Drag at re-entry speeds

[PeterH]

I have been given the assignment to model the entrance of meteorite in Earth's atmosphere, and ultimately it's impact with earth.
The meteorite weighs 0.025kg, and has the speed 28.6km/s 50km vertically above the surface of the earth, giving it a Reynolds number of approximately 3.5*10^7.

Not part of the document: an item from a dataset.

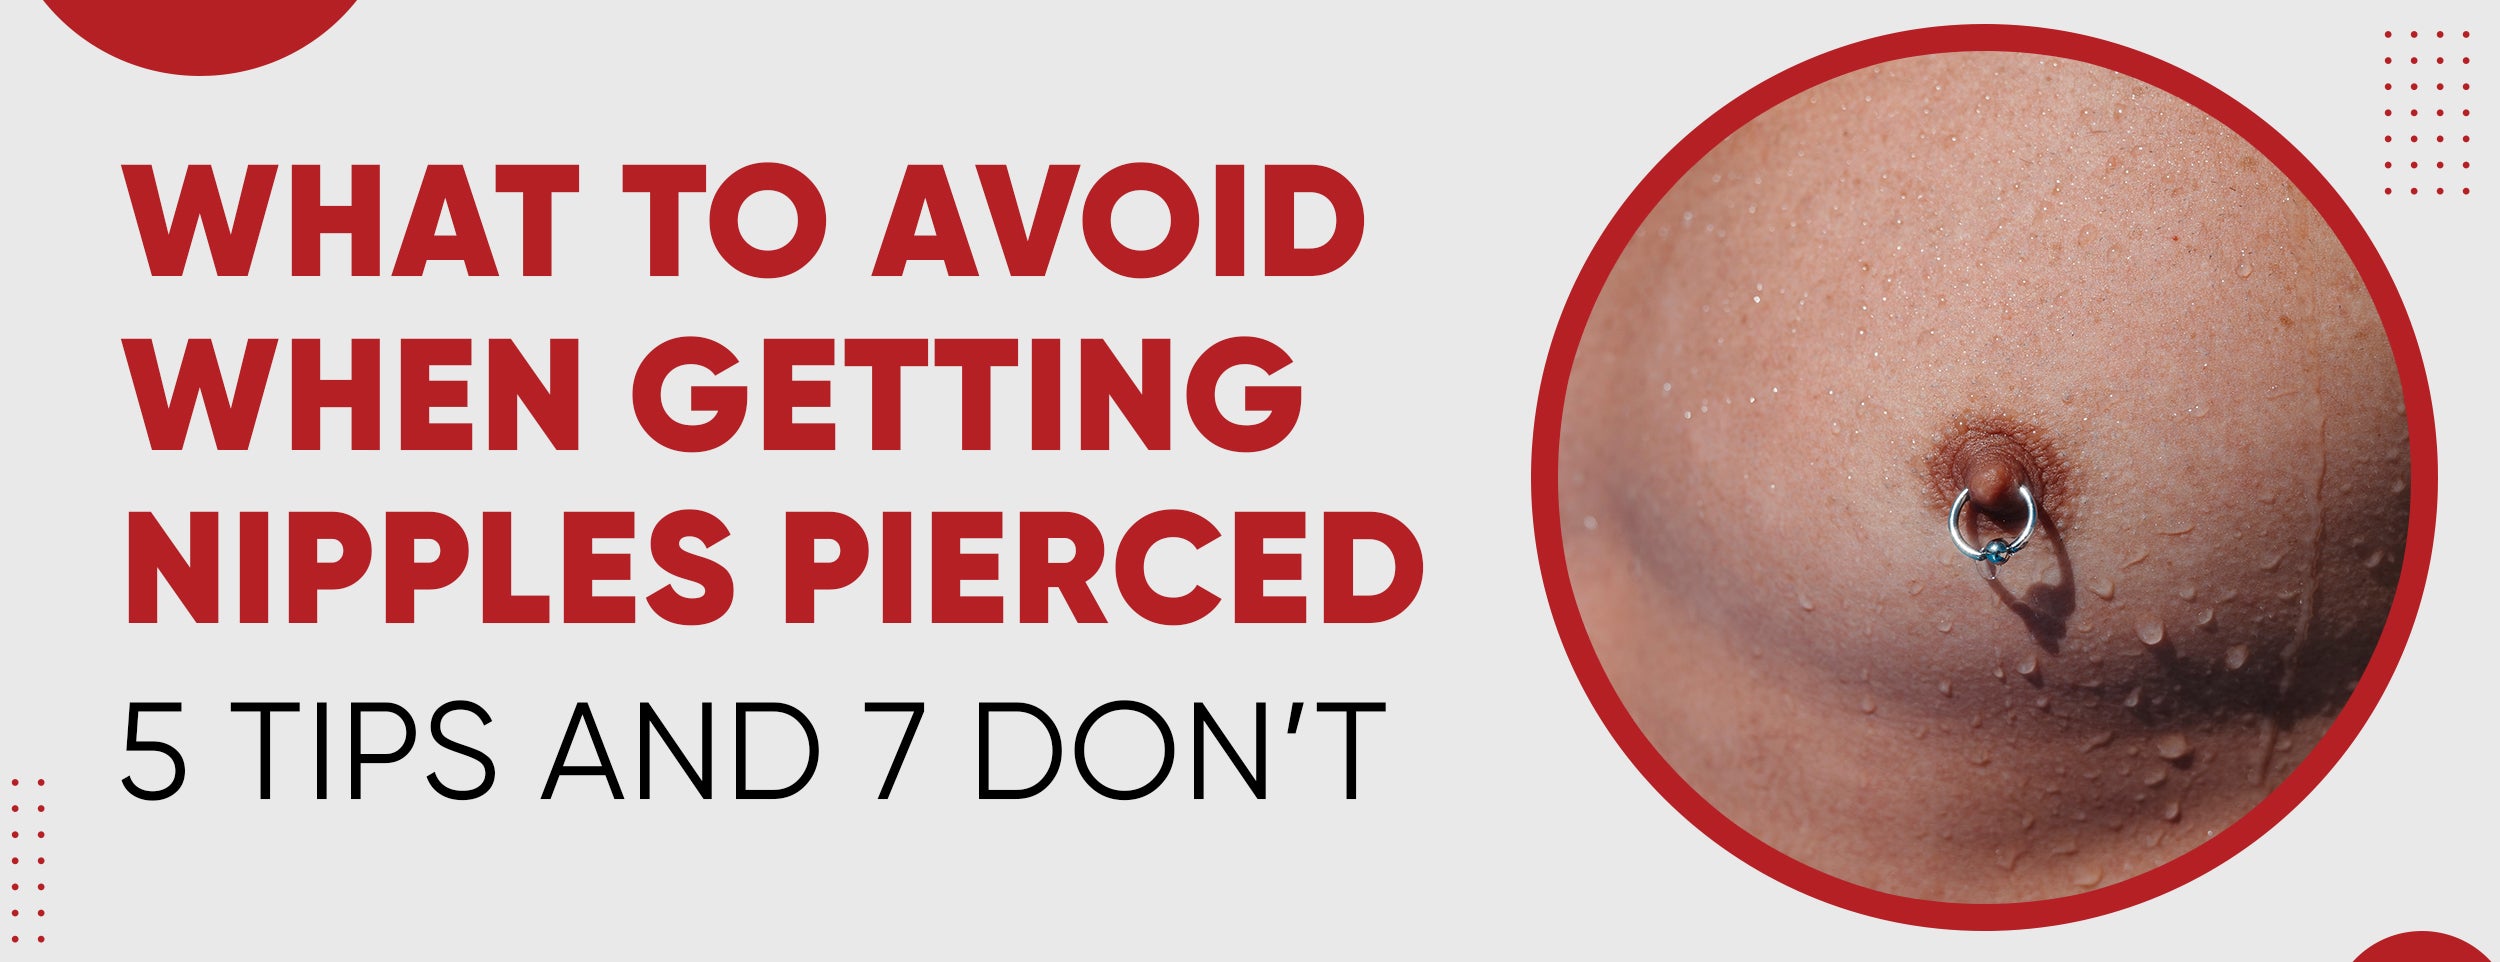 What to Avoid When Getting Nipples Pierced: 5 Tips – Dr. Numb®

The quadratic drag equation, F_d = 0.5*p*C_d*A*v^2, is used for Re > 1000.
My question is: Will this equation still give a reasonable approximation of the drag, experienced by the meteorite, or do you know of any other equations used at such high Reynold numbers and speeds?

Thanks!

 

[boneh3ad]

What sort of class is this for? What is your background in aerodynamics?

 

[A.T.]

Search for supersonic drag.

 

[PeterH]

I have no background in aerodynamics, I have physics in high school (in Denmark).
I ask, as I am to model the motion of the meteorite as it moves through the atmosphere, and as it not only moves at a supersonic speeds, but at more than 3 times the lower limit of re-entry speeds (according to http://en.wikipedia.org/wiki/Hypersonic_speed#Classification_of_Mach_regimes), it was my thinking that a different equation might apply with regard to drag force.
I have searched for super- and hypersonic drag, and it is my understanding that the equation itself will not change, but the drag coeffecient will, due to change in or layers piling up in front of the boundry layer.

 

[boneh3ad]

For the most part that is true depending on how accurate you would like your solution to be. Basically, at such high velocities, the drag is going to be dominated by drag due to the large shock wave that forms, called wave drag. Once it slows down, other forms of drag become increasingly important. I doubt it would ever slow to under the speed of sound, so wave drag will likely still always be the dominant form of drag, but there are others that may start to be appreciable. It would be difficult to find one drag coefficient to cover that whole Mach number range with any degree of accuracy. You could probably just treat the whole problem considering only wave drag and get a decent approximation, however. You might look into Newtonian impact theory. It was Newton's original theory of fluid motion in Principia that turned out to be spectacularly wrong in terms of describing fluids in general, but a fairly good estimate for hypersonic objects. It usually gives a pretty decent estimate of the forces on a body at high Mach numbers. You could run the numbers using that technique the whole way and then worry about correcting it for lower Mach numbers if your final answer even shows the Mach number dipping below 5 or so.

 

[PeterH]

Thank you very much, truly helpful.
Lastly; is it possible for you to list some references or link some pages, that concern this Newtonian impact theory or Newton's original theory of fluid motion?

 

[boneh3ad]

The reference I used for learning that stuff was https://www.amazon.com/dp/1563477807/?tag=pfamazon01-20 by Anderson.

I've seen a few bits about it just from using Google, too. For example, there is a section in this link about it:
http://homepages.wmich.edu/~y3yang/files/handouts/chap14082.pdf

 

[PeterH]

Great! Very helpful.